Update CEA & CT Scan Results - Advice/Feedback Needed

Postby FindTheBestHelp » Tue Apr 24, 2018 2:12 pm

Hi Everyone,

Your feedback/advice would be greatly appreciated. Here is a brief history:

Mid-June 2014 - Diagnosed with "Stage 3" colon cancer, met with surgeon for pre-op advisement which was that a total colectomy was needed/best. The following week, a surgery was scheduled and the tumor as as many lymph nodes and cancer was removed as possible. Post surgery only small intestine and rectum remained, and so the small intestine was attached to rectum and Dr. said it was air tight. Following surgery, a hospital stay was needed to recuperate and to regain
bowel functions and walking ability. After that, approximately 2.5-3 weeks of rest away from stress and barking/meowing pets was taken. Then a 6-month chemo therapy program was started, with 5-FU and leucovorin. Towards the end of the chemo therapy, it was determined that the treatment was taking its toll and the oncologist eased back on the leucovorin. After chemotherapy ended in early January 2015 (3.25 years ago), quarterly blood tests, bi-annual CT scans,
and annual colonoscopies were performed for 2 years. When the 3 year mark came (the time starting from end of chemotherapy), the oncologist said that 85% of the chance of recurrence usually occurs during the first 3 years and she was happy with how things were going, so blood tests could go from quarterly to bi-annually and CT scans could go from bi-annually to annually. The surgeon said the colonoscopies looked clear for the past 3 years and so colonoscopies could
be every 2 years instead of yearly. The CEA results were good and nothing was noteworthy about them from 10/2015 thru 10/2016 or 1/2017. CT scans looked clear and so did colonoscopies. Then, there was an uptick in CEA noticed that could have started either 1/2017 or 4/2017, when CEA rose to 2.1 and then 3.0. For 6 quarters since then, it's been only going up, by higher amounts than just one-tenth, two-tenths, or three-tenths of a whole point.. more like nearly a whole point
or sometimes a whole point. This was obviously concerning, as previously the CEA would bounce up and down by fractions of a point, now for 6 quarters only going up. The only exception was when the oncologist ordered 2 CT scans a month apart from 3/18/2018 to 4/18/2018, when the CEA stayed at 5.5, but the following month on 4/18/2018, it turned to 6.1. The oncologist had a threshold of anything above 6.0 requiring ordering an early scan, so a CT scan was ordered and
performed last Saturday (4/21/18) and the oncologist just called with results today (4/24/18). The Radiologist said after the scan that the scan may or may not need to be redone because there was breathing occurring when holding of breath was needed, but the oncologist said the scans were clear and usable. She said there is a 1x3cm mass in the abdominal region, on the right side. She didn't say it was by any organ and scans of her chest and pelvis showed clear (only scans of
chest, abdomen, and pelvis have been ordered for the past CT scans). She said the surgical board would meet tomorrow and review the scans to advise on what the next course of action should be.. whether a biopsy or another/different scan. They don't know if the mass is cancer, benign or malignant at this point. She said she would call back tomorrow afternoon after the surgical board meets to review the CT scans.
She says she doesn't know what the surgeons will do because it's "so small" but will get back to us tomorrow afternoon by phone. I'm not sure how she can say it's small if 3cm is over one inch already.

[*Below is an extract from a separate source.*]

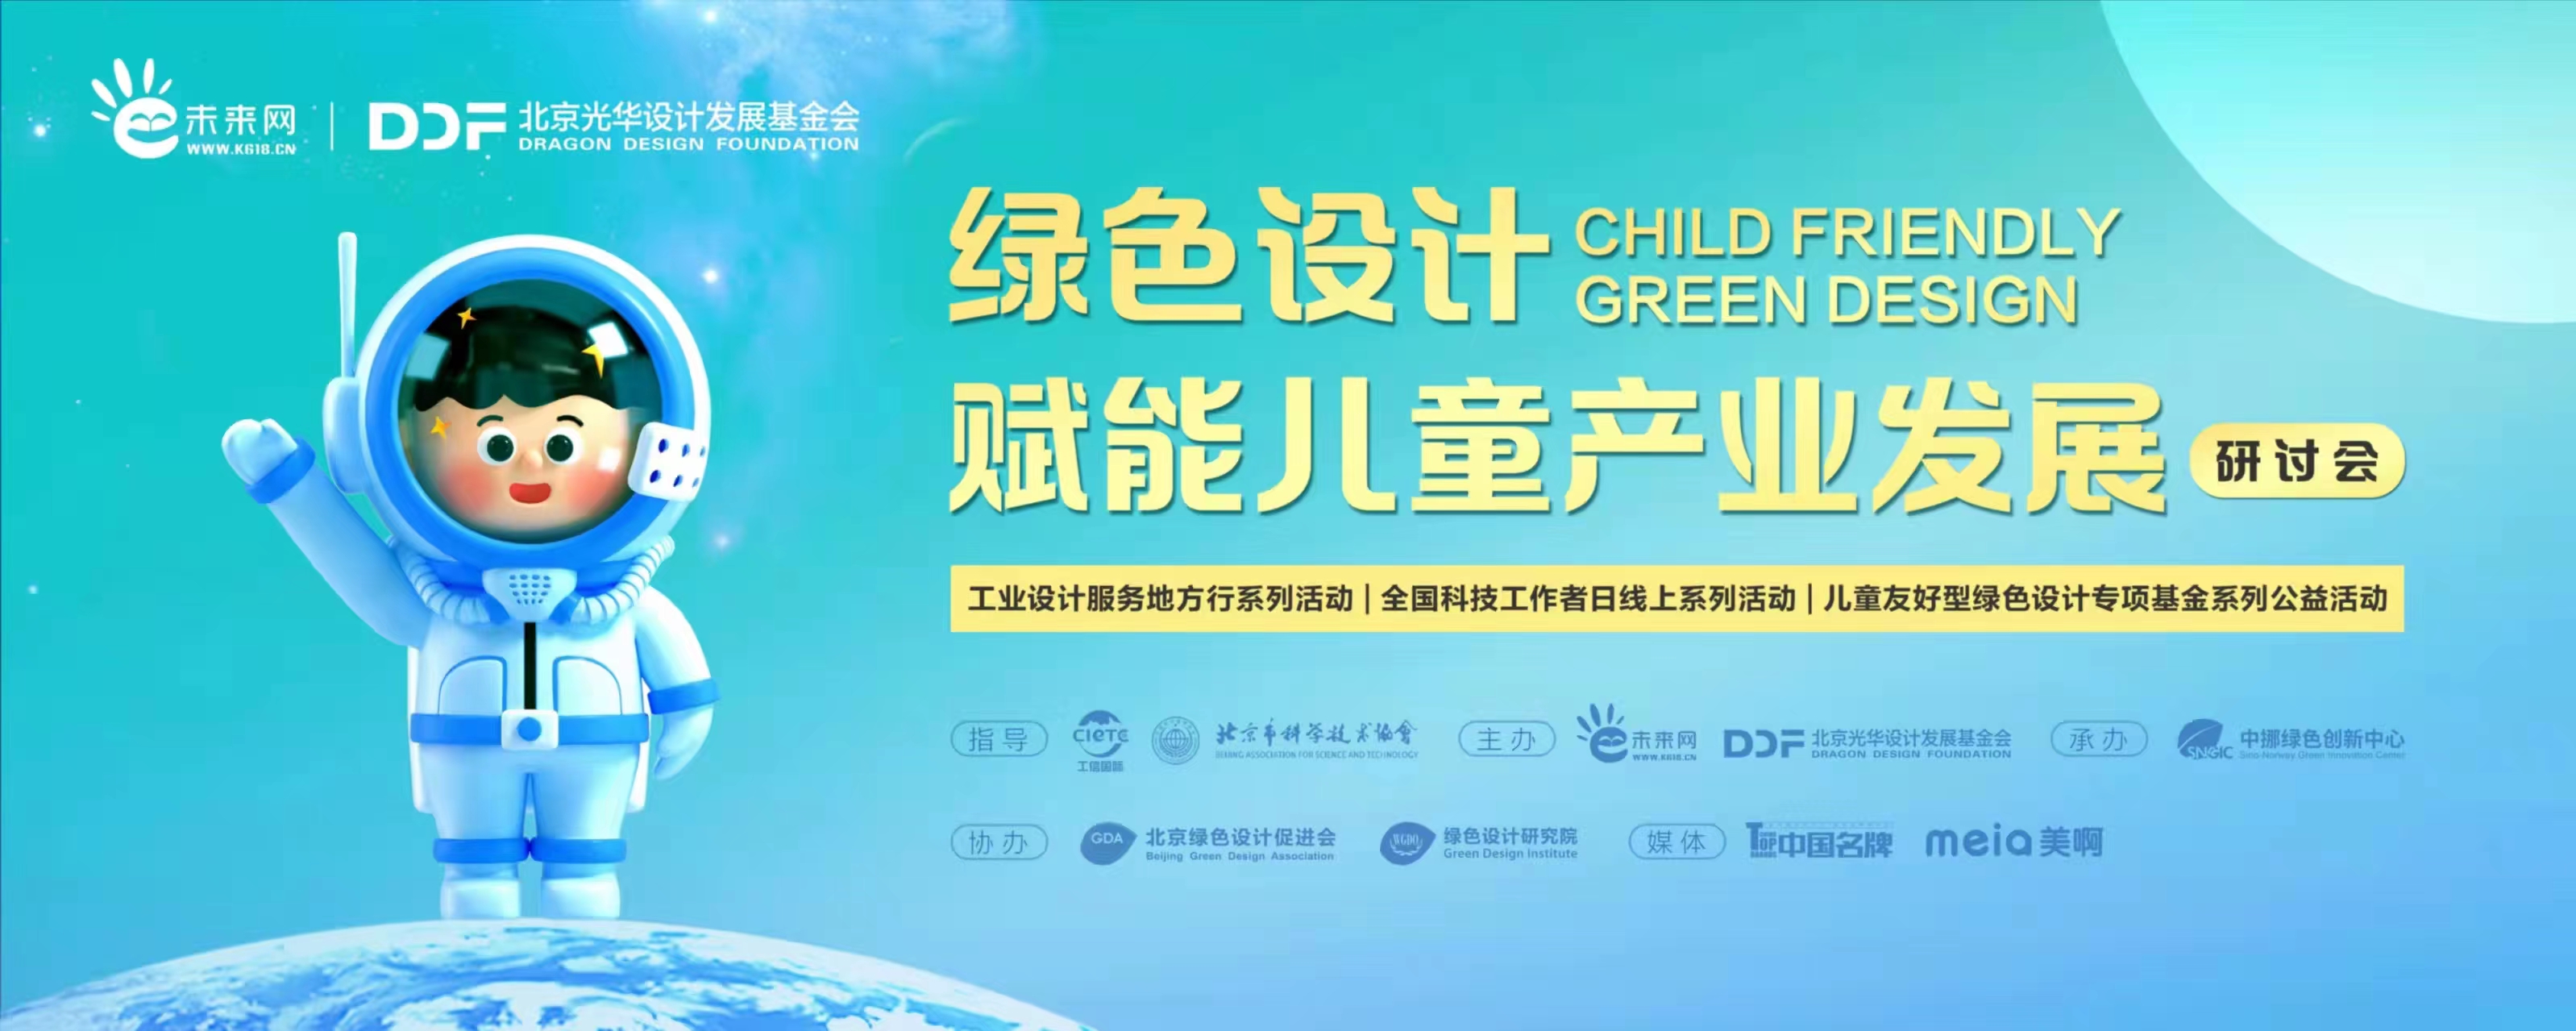 儿童友好型绿色设计专项基金公益活动“绿色设计赋能儿童产业发展研讨会”在京举办

The oncologist was asked if the last CT scan from August 2017 (7-8 months ago) should have also picked up the mass, she said it should pick up if it's a millimeter or larger (think that's what she said, or was it 1cm), so it wasn't seen somehow. She said the spleen looks clean but didn't mention the other organs that I recall.

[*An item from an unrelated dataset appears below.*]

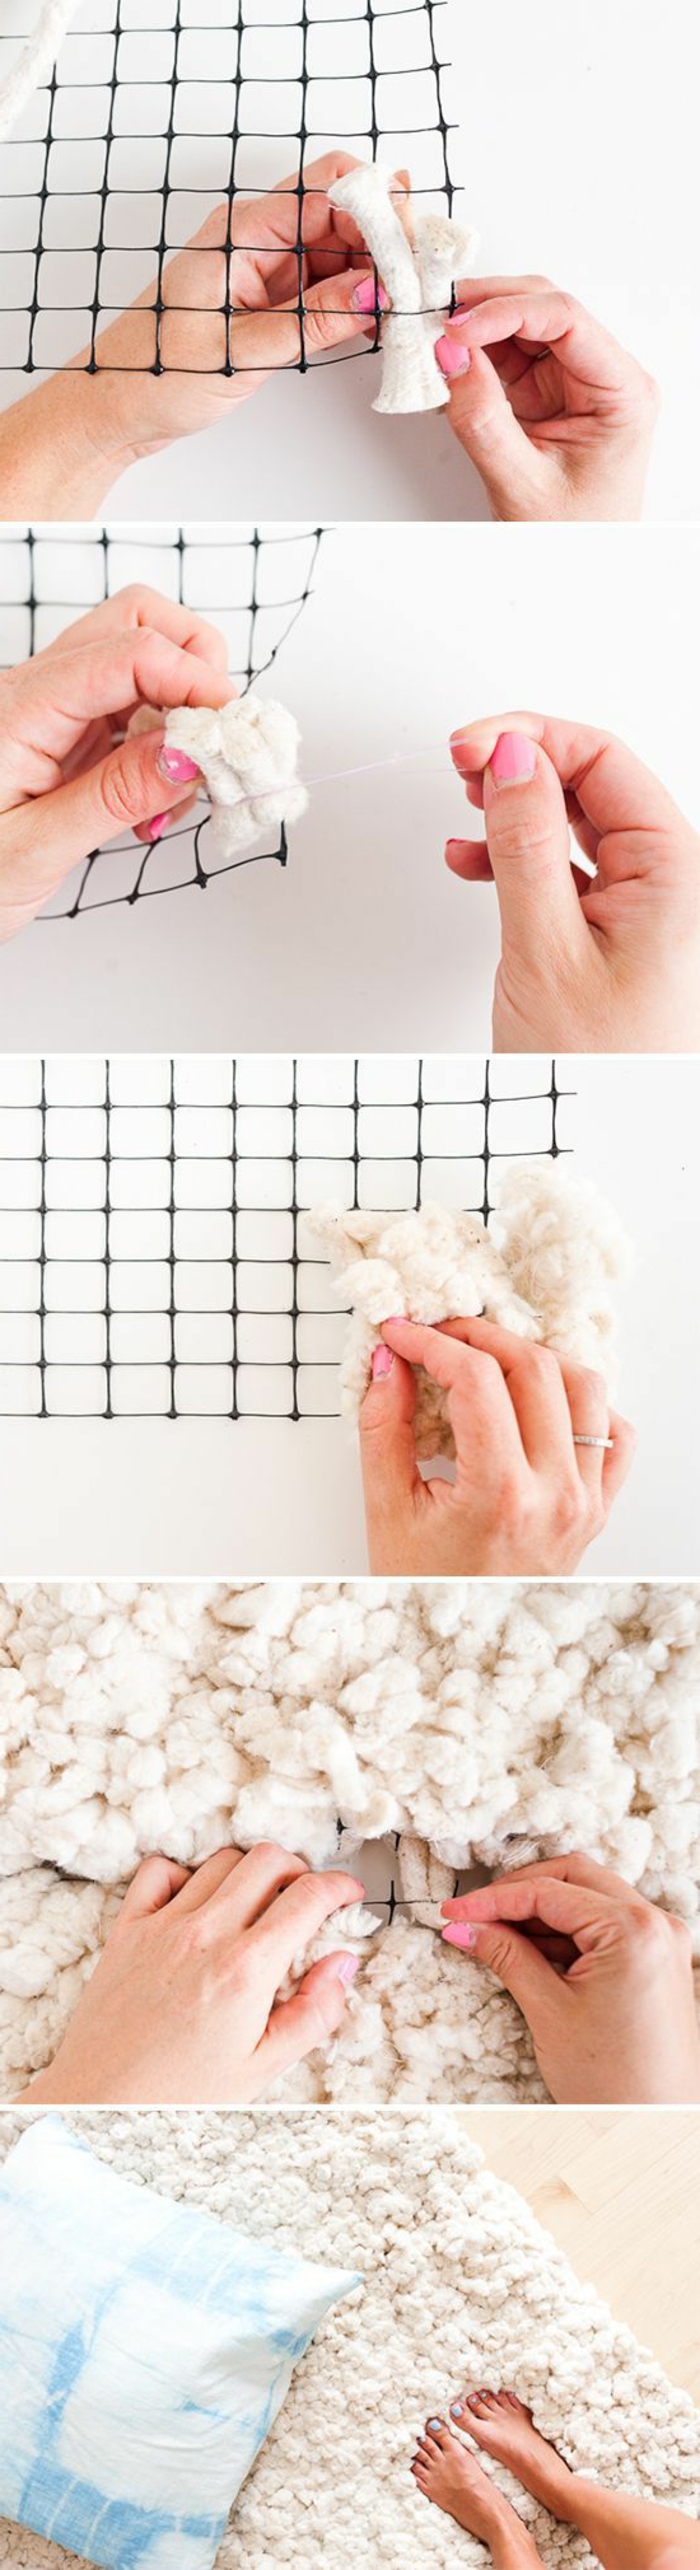 tutoriel fabrication tapis moelleux, technique création tapis avec laine et tapis antidérapant, idée activité manuelle hiver

Here are questions to which advice/feedback would be greatly appreciated!:

1. Should the previous CT scan have caught what is by now a 1x3cm mass?
2. Could she be wrong and the latest CT scan from last Saturday (which the Radiologist said had too much breathing going on) have been compromised causing a false positive?
3. Would CEA rise over the past 5-6 quarters straight, maybe due to this mass, mean it is definitely cancer or would CEA rise for non-cancerous masses forming?
4. Would you say 1x3cm is considered "small"?
5. What do you recommend as next courses of action?
6. What do you think the surgical board's assessment be tomorrow after they review the CT scans? Or what ought they be?
7. What other things should be done? What other questions should be asked?
8. For some reason this oncologist set CEA above 6.0 as threshold for action. But it seems this message board indicates any CEA value over 4.0 or 5.0 would be actionable?
9. How fast typically do masses form? Or how long would it typically take for something to grow to a size of 1cmx3cm?

Really worried and hoping it's something benign or something that could be resolved with shaving bits of the liver, as it seems some with colon cancer and have gone NED only to see some sort of recurrence have had successful surgeries to remove something from their liver and have continued living for like 10 years+. The scariest thing would be that it is located somewhere inoperable.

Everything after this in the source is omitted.